Fuzzy Matching with Levenshtein distance. Does it scale?

Our fist instinct was to find everything that closely resembles our inventory but is not exactly equal using an algorithm named "Levenshtein distance", which compares 2 strings and calculates the "edit distance" between them, i.e. the number of changes the target string needs to be equal to the source, 0 means it is equal.

Spark's implementation is quite simple and doesn't allow more advanced features like sorting the words of the keyword or keeping a set of all the words used (unlike this implementation).

For our use case, however, it seemed as good enough at first glance, as we could just implement missing features using a UDF.

Let's see a quick example:

import org.apache.spark.sql.functions.{col, levenshtein}

val keywords = Seq(
  "cancun",
  "rowling",
  "peter parker")
.toDF("keyword")

val searchTerms = Seq(
  "carcur",
  "bowling",
  "parker peter "
).toDF("target")

keywords
  .crossJoin(searchTerms)
  .withColumn("distance", levenshtein(col("keyword"), col("target")))
  .show(truncate = false)


/* Result:

+------------+------------+--------+
|keyword     |target      |distance|
+------------+------------+--------+
|cancun      |carcur      |2       |
|cancun      |bowling     |6       |
|cancun      |peter parker|11      |
|rowling     |carcur      |7       |
|rowling     |bowling     |1       |
|rowling     |peter parker|11      |
|peter parker|carcur      |9       |
|peter parker|bowling     |12      |
|peter parker|peter parker|0       |
+------------+------------+--------+

*/

After trying this approach we noticed 3 things:

  1. To find outliers we need to make a cross join to all search terms that don't have exact equality with our keyword inventory, which means at least 24 million comparisons if there's only one new search term to consider.

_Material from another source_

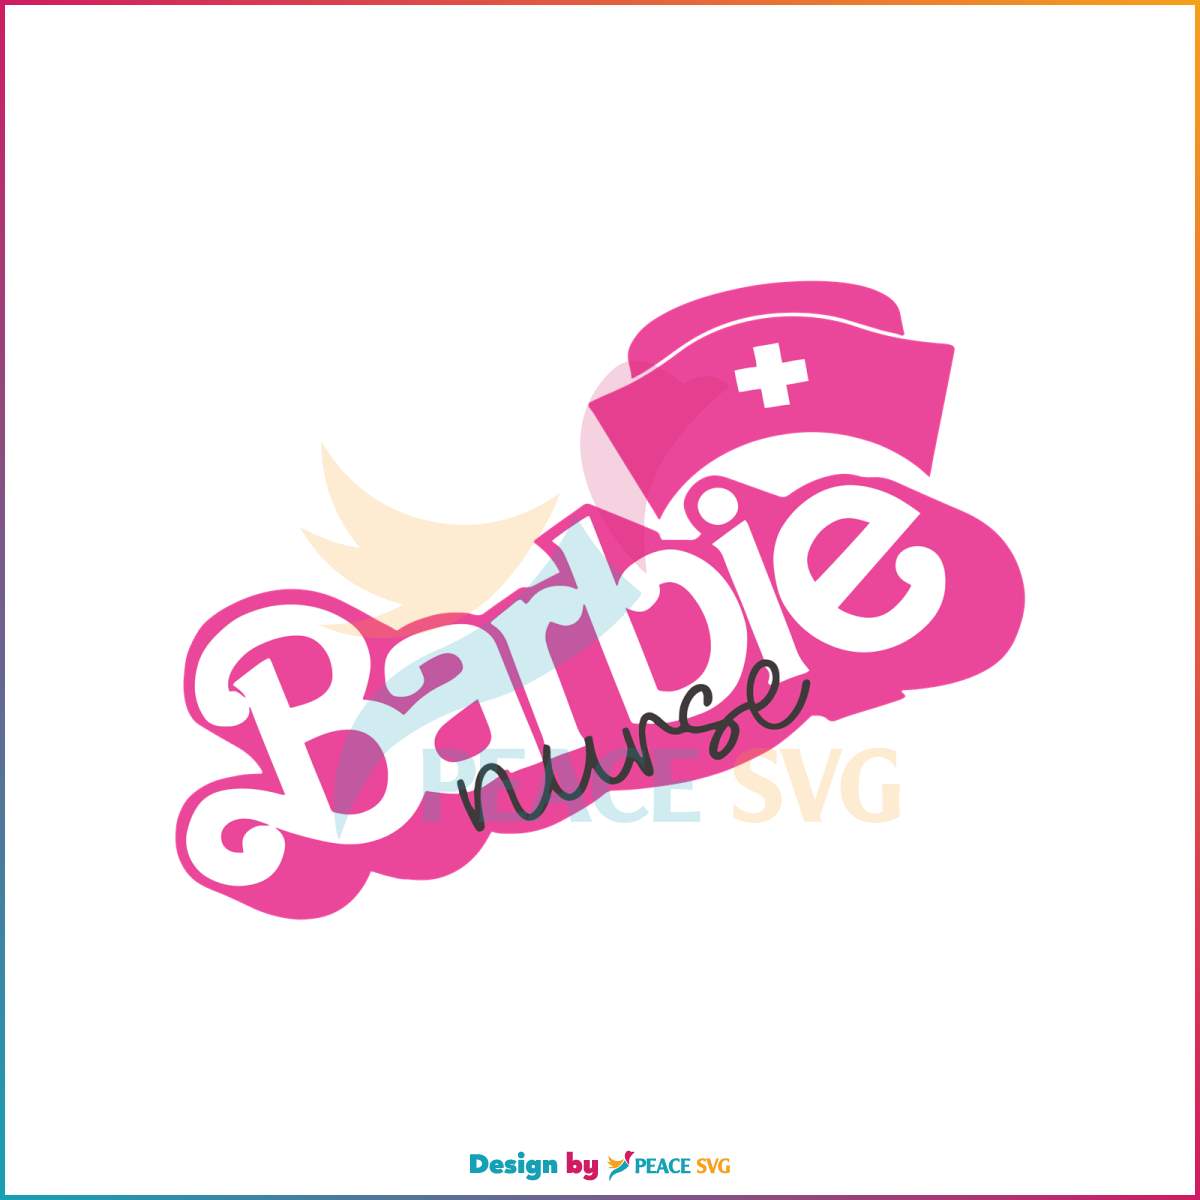 nurse-doll-funny-barbie-nurse-svg-graphic-design-file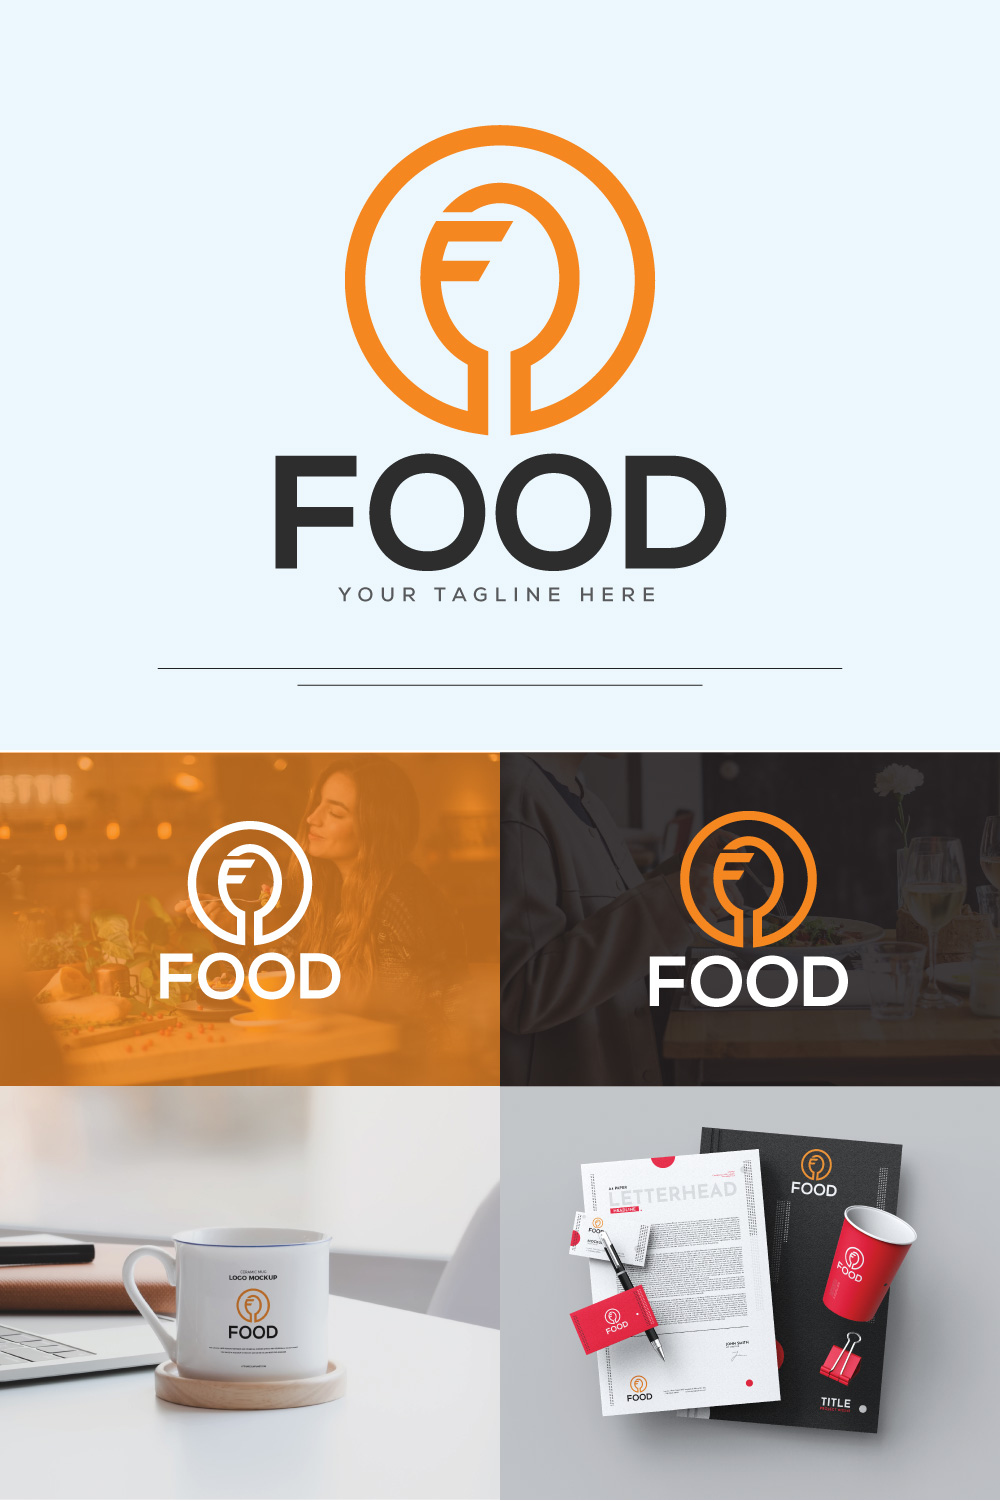 Letter F - Food Logo pinterst image.

  2. The distance between words, rather unintuitively, the distance metric is not granular enough to express similarity: The algorithm looks for changes on individual chars, however, to recognize text we humans look for groups of chars, so it would be better if we looked at how n-grams composed of keywords and search terms compare, which is unfortunately not available in the spark implementation.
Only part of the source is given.